=== Exercise requirements ===
Can you quote, word for word, every line from the first line of the records below through the line containing "Opel Astra Facelift", and nothing else?

=== Data ===
· · · · · · ·
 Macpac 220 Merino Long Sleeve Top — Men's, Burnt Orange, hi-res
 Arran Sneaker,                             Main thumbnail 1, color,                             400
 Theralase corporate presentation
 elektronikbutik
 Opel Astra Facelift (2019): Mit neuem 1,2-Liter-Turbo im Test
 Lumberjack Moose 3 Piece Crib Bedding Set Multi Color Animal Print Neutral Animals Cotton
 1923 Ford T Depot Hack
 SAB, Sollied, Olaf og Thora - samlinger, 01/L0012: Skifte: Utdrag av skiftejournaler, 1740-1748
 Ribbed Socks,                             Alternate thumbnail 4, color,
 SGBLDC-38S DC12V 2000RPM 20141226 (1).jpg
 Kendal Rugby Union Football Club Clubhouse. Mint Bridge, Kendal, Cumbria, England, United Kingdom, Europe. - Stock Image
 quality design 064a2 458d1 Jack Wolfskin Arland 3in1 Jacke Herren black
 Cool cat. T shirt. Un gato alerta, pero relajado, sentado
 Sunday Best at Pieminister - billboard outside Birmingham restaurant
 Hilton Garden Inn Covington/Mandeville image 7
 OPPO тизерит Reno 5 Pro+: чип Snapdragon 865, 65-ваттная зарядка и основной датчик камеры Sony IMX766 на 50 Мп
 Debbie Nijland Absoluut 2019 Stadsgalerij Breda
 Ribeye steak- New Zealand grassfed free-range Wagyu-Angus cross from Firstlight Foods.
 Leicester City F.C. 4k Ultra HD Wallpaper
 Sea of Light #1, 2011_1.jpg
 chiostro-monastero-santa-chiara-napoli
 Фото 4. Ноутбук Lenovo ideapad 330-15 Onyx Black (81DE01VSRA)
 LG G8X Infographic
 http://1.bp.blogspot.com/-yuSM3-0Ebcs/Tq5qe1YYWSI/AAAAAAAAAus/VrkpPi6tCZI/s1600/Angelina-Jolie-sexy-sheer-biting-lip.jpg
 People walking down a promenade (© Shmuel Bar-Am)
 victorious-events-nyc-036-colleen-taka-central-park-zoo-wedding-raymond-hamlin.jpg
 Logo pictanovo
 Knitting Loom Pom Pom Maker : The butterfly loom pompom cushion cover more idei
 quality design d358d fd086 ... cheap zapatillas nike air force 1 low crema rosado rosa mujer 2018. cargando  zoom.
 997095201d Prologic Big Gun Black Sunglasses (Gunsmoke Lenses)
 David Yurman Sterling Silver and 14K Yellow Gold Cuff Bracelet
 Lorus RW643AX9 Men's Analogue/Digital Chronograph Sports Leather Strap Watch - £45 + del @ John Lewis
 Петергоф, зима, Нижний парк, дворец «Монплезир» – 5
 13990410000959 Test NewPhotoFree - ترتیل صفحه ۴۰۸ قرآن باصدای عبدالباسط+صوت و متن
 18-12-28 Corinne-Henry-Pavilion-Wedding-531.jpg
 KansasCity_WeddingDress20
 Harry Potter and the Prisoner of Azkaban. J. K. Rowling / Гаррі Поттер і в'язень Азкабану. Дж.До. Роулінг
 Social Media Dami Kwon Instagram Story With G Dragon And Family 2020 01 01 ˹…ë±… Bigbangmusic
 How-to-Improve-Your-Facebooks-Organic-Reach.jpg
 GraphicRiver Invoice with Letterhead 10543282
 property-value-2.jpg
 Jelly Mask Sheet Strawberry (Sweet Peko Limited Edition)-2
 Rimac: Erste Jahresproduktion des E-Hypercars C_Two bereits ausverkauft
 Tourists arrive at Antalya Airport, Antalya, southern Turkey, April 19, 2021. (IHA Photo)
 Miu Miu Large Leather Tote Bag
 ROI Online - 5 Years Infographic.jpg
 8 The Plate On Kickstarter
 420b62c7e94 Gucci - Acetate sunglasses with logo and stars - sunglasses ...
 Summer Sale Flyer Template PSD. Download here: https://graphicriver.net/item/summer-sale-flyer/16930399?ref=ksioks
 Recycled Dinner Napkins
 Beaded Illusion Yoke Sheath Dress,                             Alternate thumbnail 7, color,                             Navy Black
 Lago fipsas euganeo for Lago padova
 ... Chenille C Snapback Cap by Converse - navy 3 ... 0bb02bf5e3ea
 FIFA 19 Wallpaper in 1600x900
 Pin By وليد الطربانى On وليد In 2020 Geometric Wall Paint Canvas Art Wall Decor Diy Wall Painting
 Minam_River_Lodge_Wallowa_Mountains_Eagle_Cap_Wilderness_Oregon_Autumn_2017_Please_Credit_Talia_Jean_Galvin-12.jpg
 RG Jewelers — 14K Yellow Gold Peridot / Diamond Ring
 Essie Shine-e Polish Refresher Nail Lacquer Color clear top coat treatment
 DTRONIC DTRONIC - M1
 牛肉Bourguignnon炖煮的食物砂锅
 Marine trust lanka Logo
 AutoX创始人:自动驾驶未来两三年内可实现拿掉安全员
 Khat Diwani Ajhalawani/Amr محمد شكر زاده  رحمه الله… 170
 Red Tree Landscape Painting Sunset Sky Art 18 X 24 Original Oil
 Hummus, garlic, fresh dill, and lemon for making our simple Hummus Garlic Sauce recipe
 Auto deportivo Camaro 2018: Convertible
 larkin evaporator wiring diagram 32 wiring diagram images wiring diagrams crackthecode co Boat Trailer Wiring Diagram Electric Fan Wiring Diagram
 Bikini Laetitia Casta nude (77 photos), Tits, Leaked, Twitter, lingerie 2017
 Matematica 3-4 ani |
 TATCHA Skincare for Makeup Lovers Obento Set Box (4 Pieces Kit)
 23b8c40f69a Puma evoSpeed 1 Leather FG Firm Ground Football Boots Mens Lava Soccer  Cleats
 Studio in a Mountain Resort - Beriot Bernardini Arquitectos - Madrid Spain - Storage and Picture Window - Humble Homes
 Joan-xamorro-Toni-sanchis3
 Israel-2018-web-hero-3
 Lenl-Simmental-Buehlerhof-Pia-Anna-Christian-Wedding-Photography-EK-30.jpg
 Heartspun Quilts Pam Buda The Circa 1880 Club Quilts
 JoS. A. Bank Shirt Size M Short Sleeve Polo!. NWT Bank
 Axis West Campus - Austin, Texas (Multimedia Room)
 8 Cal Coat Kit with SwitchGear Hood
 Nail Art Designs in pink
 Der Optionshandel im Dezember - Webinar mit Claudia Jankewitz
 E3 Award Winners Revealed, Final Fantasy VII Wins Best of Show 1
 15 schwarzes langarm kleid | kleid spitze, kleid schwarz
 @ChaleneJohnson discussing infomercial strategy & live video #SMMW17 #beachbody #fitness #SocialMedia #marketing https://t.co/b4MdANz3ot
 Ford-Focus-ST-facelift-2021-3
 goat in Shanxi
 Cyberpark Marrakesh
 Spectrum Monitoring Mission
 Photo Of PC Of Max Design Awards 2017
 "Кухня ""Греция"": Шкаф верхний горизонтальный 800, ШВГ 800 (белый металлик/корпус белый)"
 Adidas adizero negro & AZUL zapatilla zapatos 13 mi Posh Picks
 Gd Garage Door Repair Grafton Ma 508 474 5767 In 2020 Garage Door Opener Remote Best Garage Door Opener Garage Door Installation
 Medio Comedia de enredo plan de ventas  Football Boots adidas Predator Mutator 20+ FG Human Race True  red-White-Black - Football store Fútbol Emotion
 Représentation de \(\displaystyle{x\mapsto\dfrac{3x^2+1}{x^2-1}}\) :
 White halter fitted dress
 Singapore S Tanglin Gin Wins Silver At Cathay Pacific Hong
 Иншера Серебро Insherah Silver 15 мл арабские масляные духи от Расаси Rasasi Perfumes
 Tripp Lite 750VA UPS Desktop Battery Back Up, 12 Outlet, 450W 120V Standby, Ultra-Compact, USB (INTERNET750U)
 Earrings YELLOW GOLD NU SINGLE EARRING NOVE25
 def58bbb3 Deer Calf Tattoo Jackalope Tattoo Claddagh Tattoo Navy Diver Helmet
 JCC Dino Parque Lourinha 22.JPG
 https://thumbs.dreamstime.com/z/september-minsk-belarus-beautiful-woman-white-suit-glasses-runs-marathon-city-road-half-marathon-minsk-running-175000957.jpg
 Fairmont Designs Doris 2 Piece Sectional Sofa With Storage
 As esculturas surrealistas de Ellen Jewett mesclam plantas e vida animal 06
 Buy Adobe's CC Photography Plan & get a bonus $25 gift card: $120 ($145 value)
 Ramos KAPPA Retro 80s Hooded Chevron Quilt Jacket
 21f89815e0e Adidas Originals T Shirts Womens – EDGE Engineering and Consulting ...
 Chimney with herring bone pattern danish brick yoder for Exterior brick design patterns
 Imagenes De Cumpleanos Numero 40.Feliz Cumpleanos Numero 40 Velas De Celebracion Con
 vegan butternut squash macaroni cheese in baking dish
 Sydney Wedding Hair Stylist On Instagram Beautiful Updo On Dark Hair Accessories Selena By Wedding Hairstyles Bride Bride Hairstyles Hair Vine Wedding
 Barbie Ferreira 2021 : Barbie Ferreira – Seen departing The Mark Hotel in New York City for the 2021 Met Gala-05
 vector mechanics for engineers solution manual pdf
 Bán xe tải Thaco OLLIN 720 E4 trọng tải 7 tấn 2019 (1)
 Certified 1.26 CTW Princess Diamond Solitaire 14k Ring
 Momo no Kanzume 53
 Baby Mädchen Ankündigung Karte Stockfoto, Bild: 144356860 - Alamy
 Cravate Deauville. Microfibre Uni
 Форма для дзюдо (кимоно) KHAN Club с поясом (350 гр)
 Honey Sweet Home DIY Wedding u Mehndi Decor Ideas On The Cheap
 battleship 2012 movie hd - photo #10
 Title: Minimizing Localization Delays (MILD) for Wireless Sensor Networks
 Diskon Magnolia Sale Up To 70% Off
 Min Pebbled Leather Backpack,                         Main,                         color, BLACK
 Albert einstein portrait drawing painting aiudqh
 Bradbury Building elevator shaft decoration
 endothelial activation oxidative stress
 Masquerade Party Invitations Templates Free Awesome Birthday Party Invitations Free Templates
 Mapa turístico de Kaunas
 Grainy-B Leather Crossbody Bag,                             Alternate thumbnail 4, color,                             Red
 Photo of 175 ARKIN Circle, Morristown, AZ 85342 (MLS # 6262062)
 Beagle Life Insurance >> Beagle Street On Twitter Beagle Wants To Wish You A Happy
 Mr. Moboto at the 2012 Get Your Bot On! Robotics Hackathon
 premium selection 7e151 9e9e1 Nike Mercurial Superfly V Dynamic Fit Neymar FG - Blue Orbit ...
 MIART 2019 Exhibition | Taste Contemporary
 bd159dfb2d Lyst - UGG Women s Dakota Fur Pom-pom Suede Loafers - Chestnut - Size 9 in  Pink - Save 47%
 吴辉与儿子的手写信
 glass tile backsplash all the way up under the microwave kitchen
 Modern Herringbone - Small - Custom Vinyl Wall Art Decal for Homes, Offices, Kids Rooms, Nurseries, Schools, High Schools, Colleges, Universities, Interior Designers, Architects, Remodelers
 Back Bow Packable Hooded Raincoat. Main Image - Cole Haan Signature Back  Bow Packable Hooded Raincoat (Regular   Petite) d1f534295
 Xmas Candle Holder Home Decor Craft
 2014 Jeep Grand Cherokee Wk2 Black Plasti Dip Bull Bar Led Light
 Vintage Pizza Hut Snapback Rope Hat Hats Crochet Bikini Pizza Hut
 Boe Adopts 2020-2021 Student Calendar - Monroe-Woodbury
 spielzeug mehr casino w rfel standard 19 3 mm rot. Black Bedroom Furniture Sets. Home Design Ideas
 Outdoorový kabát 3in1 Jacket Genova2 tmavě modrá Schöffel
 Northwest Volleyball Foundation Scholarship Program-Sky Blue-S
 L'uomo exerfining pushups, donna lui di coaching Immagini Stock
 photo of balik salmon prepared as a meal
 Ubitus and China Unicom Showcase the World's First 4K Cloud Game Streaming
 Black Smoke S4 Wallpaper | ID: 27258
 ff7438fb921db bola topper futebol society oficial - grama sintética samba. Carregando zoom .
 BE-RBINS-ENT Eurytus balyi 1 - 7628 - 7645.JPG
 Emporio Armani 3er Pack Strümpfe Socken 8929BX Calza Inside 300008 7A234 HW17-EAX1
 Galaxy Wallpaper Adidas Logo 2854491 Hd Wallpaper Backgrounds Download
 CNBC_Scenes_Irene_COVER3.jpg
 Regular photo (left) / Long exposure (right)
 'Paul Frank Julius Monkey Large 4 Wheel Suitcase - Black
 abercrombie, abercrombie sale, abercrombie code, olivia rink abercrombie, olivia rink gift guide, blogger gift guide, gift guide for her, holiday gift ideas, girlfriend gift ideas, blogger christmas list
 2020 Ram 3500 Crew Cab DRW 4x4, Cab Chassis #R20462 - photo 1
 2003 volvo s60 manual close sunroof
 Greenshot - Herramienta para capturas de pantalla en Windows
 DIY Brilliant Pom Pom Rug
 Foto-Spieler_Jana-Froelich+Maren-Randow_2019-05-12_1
· · · · · · ·
=== Solution ===
 Macpac 220 Merino Long Sleeve Top — Men's, Burnt Orange, hi-res
 Arran Sneaker,                             Main thumbnail 1, color,                             400
 Theralase corporate presentation
 elektronikbutik
 Opel Astra Facelift (2019): Mit neuem 1,2-Liter-Turbo im Test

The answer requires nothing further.